Five-nines, or any percentage availability figure looks good in Service Level Agreements (SLAs). It is easy to understand, and 99.999% (or even 99.99%) are attractive figures. However SLAs can be very creative when dancing around five-nines. For example, Amazon's EC2 Cloud service offers 99.95% availability, with credits if this is not met. However it includes much of the expected fine-print:
Another SLA from a different company claimed 99.999% availability with credits and rebates when this was not met. However the fine print was again interesting. Credits and rebates were only paid after total outages exceeded one hour per month. Or in other words, the company really offered 99.85%, or two-nines availability.
- Events outside of Amazon's control are excluded.
- Scheduled outages are excluded.
- Downtime is measured from when the Cloud service is in a Region Unavailable state: i.e. when Amazon systems detect that the service is down.
- Downtime is measured monthly: last month's failure does not affect this month's statistics.
Are Five-Nines Even Necessary?
A study by Compuware and Forrester Research in 2011 found an average business cost of US$14,000 per minute for mainframe outages. Using this figure, outages for systems with five-nines cost about US$73,500 per year. For systems with four-nines (99.99%, or 52.56 minutes downtime) this increases to US$735,000, and three-nines (99.9%, or 525.6 minutes) US$7.3 million. So a business case to improve availability from four to five-nines needs the extra hardware, software and resources to cost less than about US$660,000 per year. When we're talking about mainframe hardware and software, $660,000 doesn't buy much. A jump from three-nines to four-nines may save millions, and is a far easier business case.

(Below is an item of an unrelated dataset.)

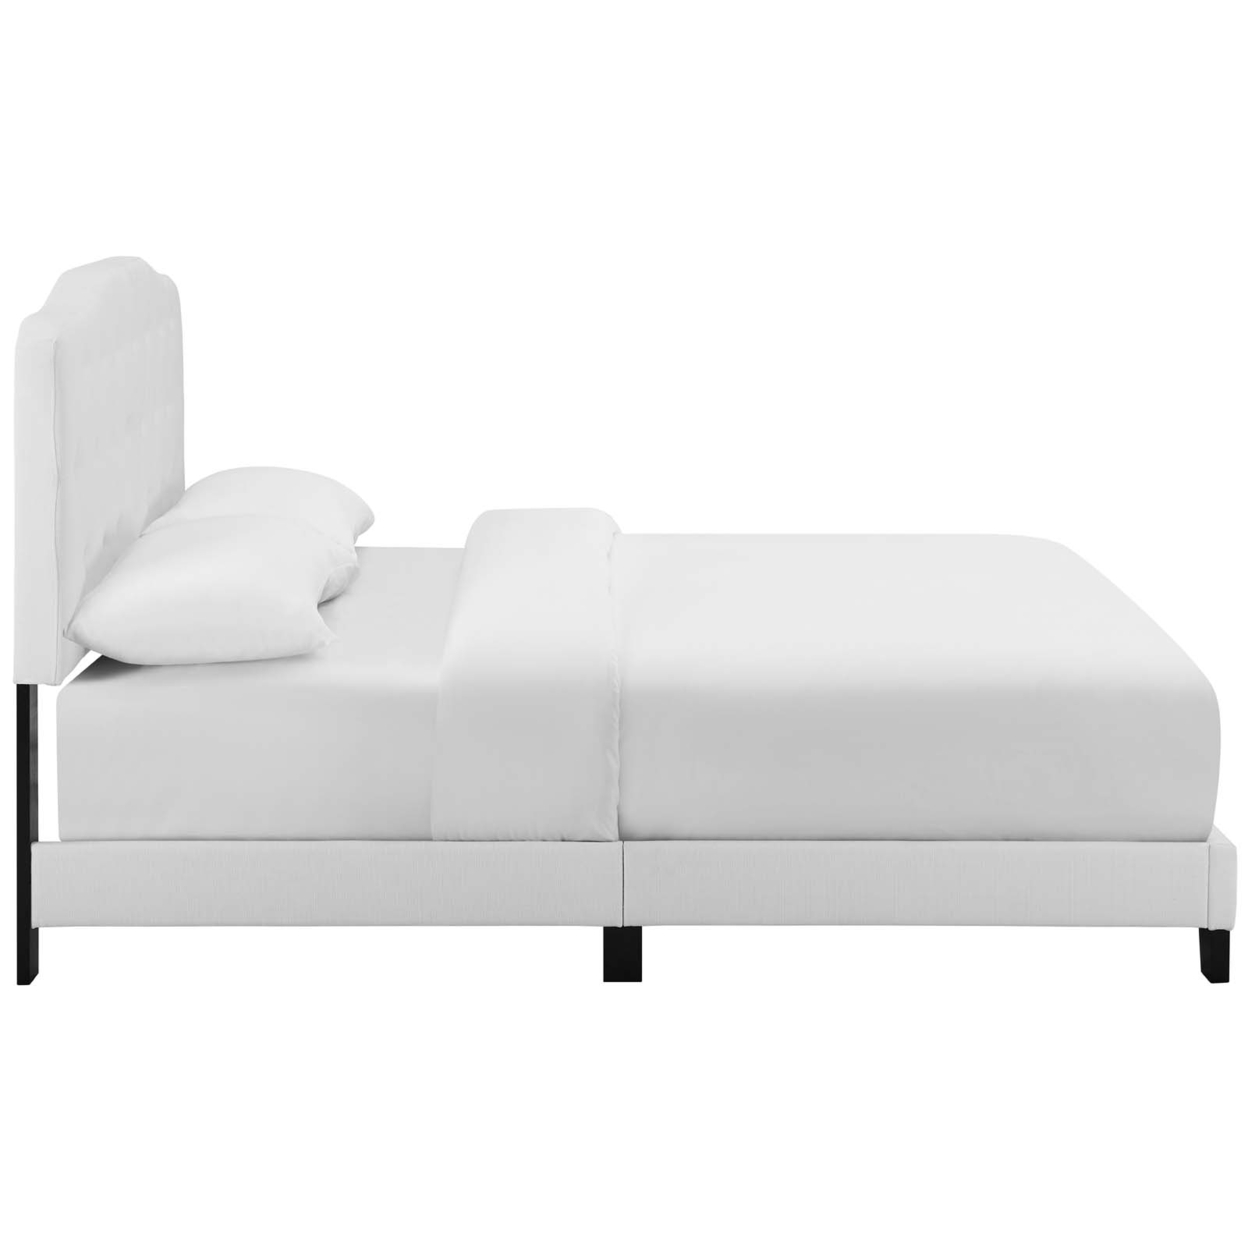 Amelia King Upholstered Fabric Bed, White

Another question is: does the business really need such high availability? Here mainframes may be victims of their own reliability. If a system has no outages for two years, the business will expect and demand that this continue. But the fact remains that outages still happen. Just ask Air New Zealand in 2009, HSBC in 2011, or the Royal Bank of Scotland in 2013. Most businesses with mature mainframe-based applications have developed procedures in the case of an outage. For example, ATMs may provide limited service while the back-end host is unavailable. Similarly retail stores continue to have a manual way of accepting credit card payments.
The fact is that five-nines availability for an entire computing service is impossible to guarantee. There is too little room for error and Black Swan or unexpected events are impossible to eliminate. Many service providers advertising such five-nines availability use fine print to make it an easier target.
For many of those original 79% of respondents requiring five-nines availability for their critical systems, this many not be possible to cost-justify. Four-nines, or even three-nines may give them what they need for a far smaller price tag.